Legal challenge to Boris Johnson’s government’s completely illogical refusal to allow indoor hospitality venues to open whilst allowing indoor retail to open to be decided on this week
In spite of venues with outdoor space being allowed to serve customers on their terraces and in gardens, the hospitality sector in the UK will continue to lose around £200 million per day until the government allows them to serve indoors in mid-May.
This week, following a perfectly sensible legal challenge by Sacha Lord, the night-time economy adviser for Greater Manchester, and Hugh Osmond, the founder of Punch Taverns, the government could be forced to bring forward the date for indoor opening for bars, pubs and restaurants.
Lord and Osmond together quite sensibly argue there is no justification or scientific basis for indoor hospitality to be kept closed for five additional weeks after non-essential retailers in England were allowed to serve customers indoors from 12th April. Their call is correct and the continuation of this illogical set of double standards is doing just one thing: Dealing another body blow to an already devastated sector.
Speaking on Radio 4’s Today programme this morning of their challenge to the crackpot crazy decisions of borderline bonkers’ Boris Johnson’s Tory government, Osmond remarked:
“This is something of a David versus Goliath battle.

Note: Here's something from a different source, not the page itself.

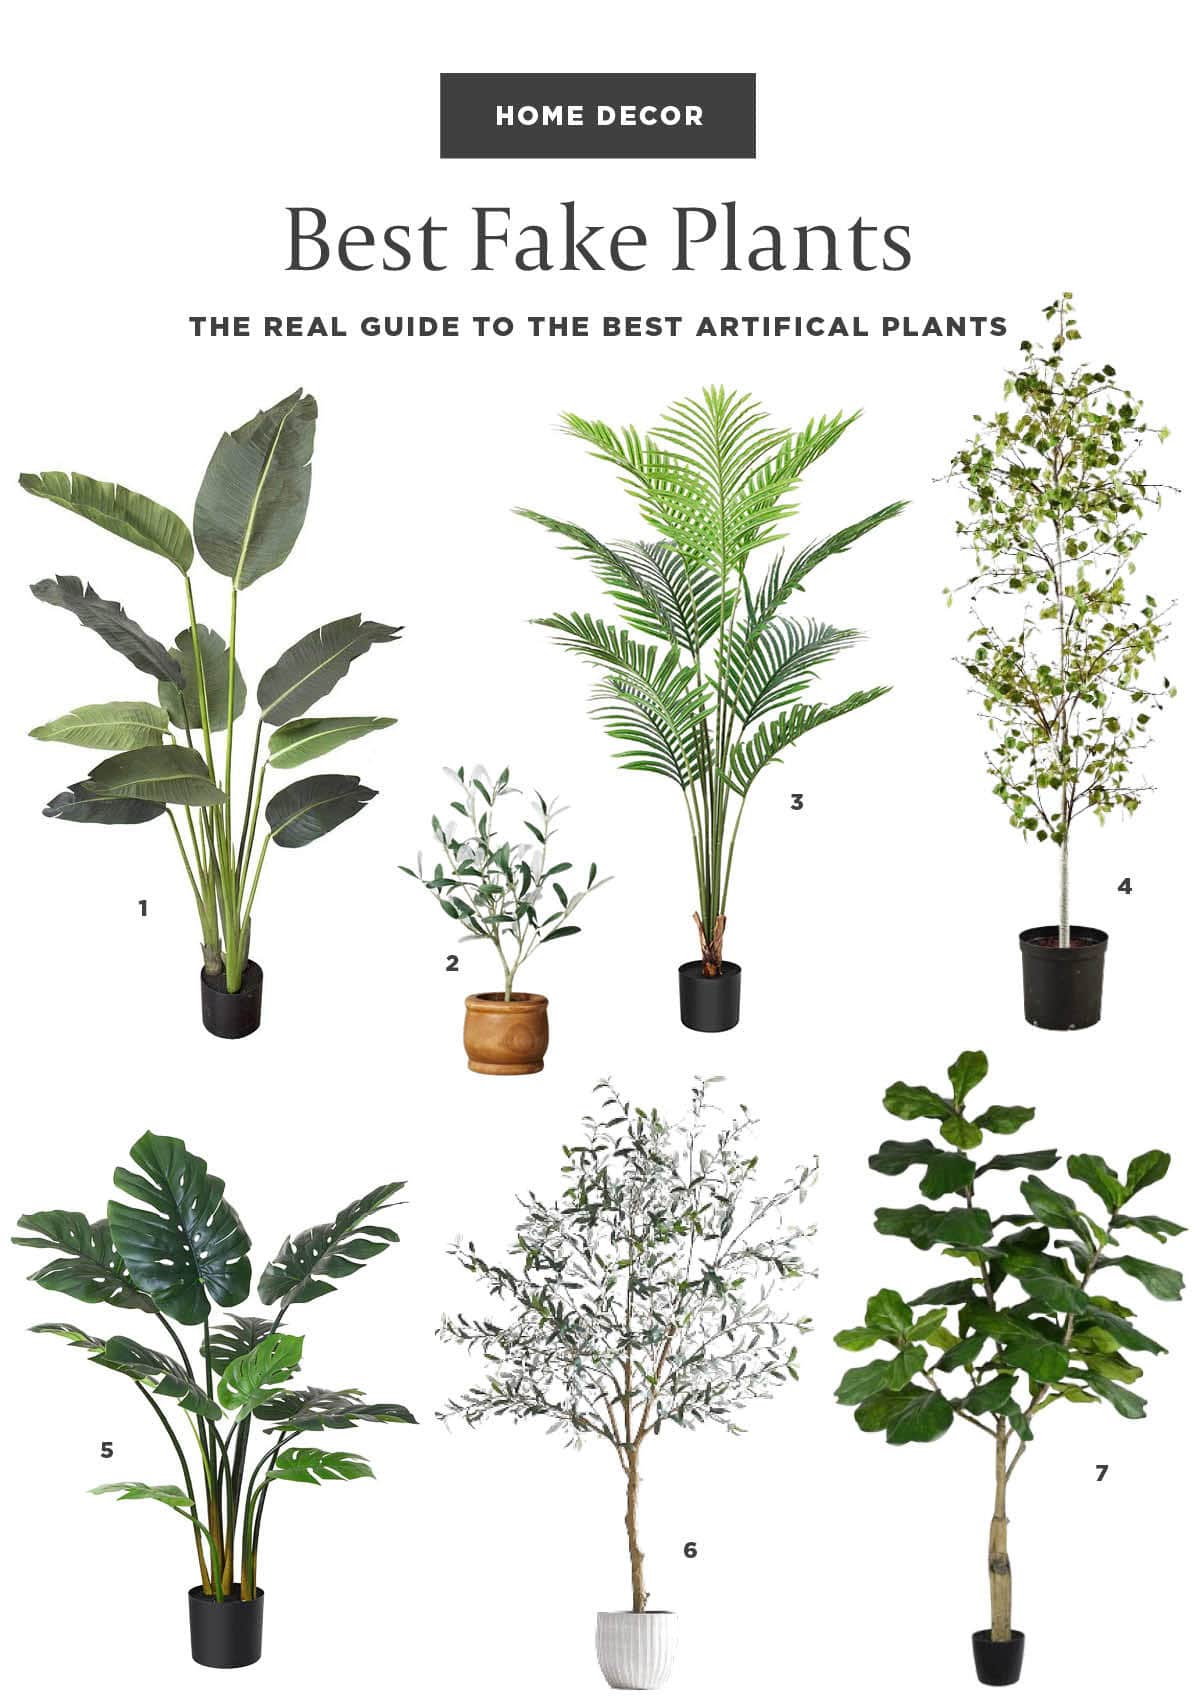 Guide to the best fake plants that look real

We are reassured that David won in that instance.”
“At the start of this pandemic there was a totally understandable assumption that hospitality venues might be responsible for the spread of infections. The vision of drunken people in crowded pubs is an easy and obvious target that people understand.”
“The data [now] definitively shows that hospitality was not the major source of infections.”
Elsewhere on Twitter on Friday, Lord remarked: “The government’s defence is just in… They must be concerned, they’ve put their No. 1 legals on the case, Sir James Eadie QC, the First Treasury Counsel.”
Going further this morning, he added: “Thank you for all the good luck messages. It’s not necessarily today, the Judge has said: ‘The week commencing the 19th.’ Again, a real long shot, but as soon as there’s news, I’ll post it here. Enjoy the sun.”
Today, all at The Steeple Times join those supporting the logic of allowing indoor hospitality venues to reopen and reopen now. Let’s get the indoor show back on the road.
Pictured top: Restaurants such as Fifty Cheyne in Chelsea, London have tables that are very clearly separated from one another. As shown in this image, diners can be socially distanced in a manner perfectly reasonable. Why shouldn’t such places – which lack outdoor dining areas and thus cannot even benefit from the currently allowed outdoor opening rules – not be able to get back to business whilst small, cramped shops with little-to-no precautionary measures are allowed to trade?
The virus variant is Tyranny!
Everywhere outside is packed and never saw tables as close to each other as now , would be better to mitigate this with spaced enough tables inside .
it is nonsensical , for authorities to insist on behavioural measures with no scientific founding
The rules are ridiculous and as you say repeatedly ILLOGICAL. However – What do you expect of a pansy Prime Minister controlled by a wine chucking nut job?
Why are you supporting virus spreading? Typical of this far left publication! You attack decent honest people like Jay Beecher and you then come out with this. You should be closed down.
Mental. God preserve us from politicians, be they Tory, Labour, SNP et al. They seem incapable of looking at data, understanding it and acting logically on it.
To the purists amongst us, i realise data is a plural word, even though I wrote “it”. It’s used wrongly so often these days, it sounds pretentious to use it correctly. I don’t want Mr Wayde writing that I’m an oik.
Indoor dining is dangerous still and should not be allowed. You are wrong.